Firstly, if you are wondering how being connected to the grid is a high-cost endeavour for businesses, let me explain. The existing industry tariff model is designed in such a way that commercial customers (businesses) subsidise the cost of power for residential customers. This creates a situation where businesses end up paying a high price for an inadequate and inefficient source of power supply especially where business premises are not metered and monthly power bills are estimated.
Based on the foregoing, it is clear that businesses need to look beyond the national grid to access the power required to run their operations. However, in considering other options such as Independent Power Plants (IPPs), some aspects of the existing arrangement can be borrowed from. For example, the situation described above where higher-consuming customers subsidise the cost for lower-consuming customers is not such a bad idea if implemented within a more efficient set-up.

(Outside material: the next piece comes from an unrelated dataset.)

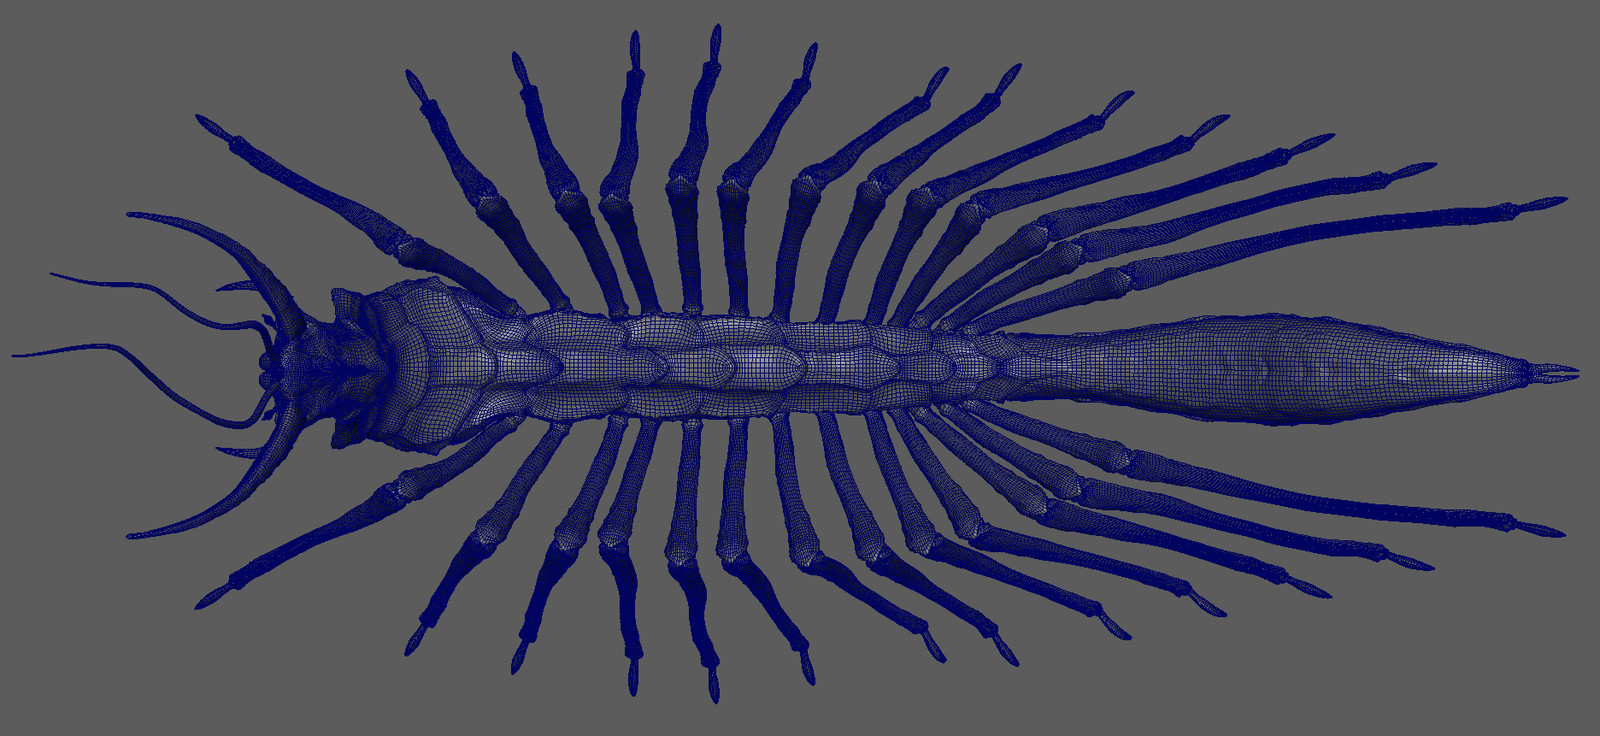 centipede topology

Businesses must be located within close proximity to one another (in some sort of cluster) and the IPP. Next, some creativity needs to go into commercial negotiations and Power Purchase Agreement (PPA) pricing after large power consumers have taken the lead in negotiations and engagement in setting up PPAs where they bear the larger portion of the tariffs, while lower-consuming businesses pay a lower price.
This is not exactly a new model, as there are close examples that exist today. A good example is the Sura Independent Power Project at Simpson Street, Lagos Island where a cluster of about 700 small businesses now access constant electricity supply via a dedicated line from a nearby power plant.
Industry observers may accuse some of the current operators of being unwilling and not open to providing support in actualizing these kind of models but this is not necessarily correct.
What is required most times is extensive dialogue and engagement with all relevant stakeholders to ensure alignment of interests and buy-in.
In summary, as the government seeks to improve the ease of doing business, specifically in the area of getting electricity, a next step would be to consider such alternatives, and the cost of such alternatives can be optimized by employing existing pricing models where larger consumers subsidize the cost for lower consuming businesses.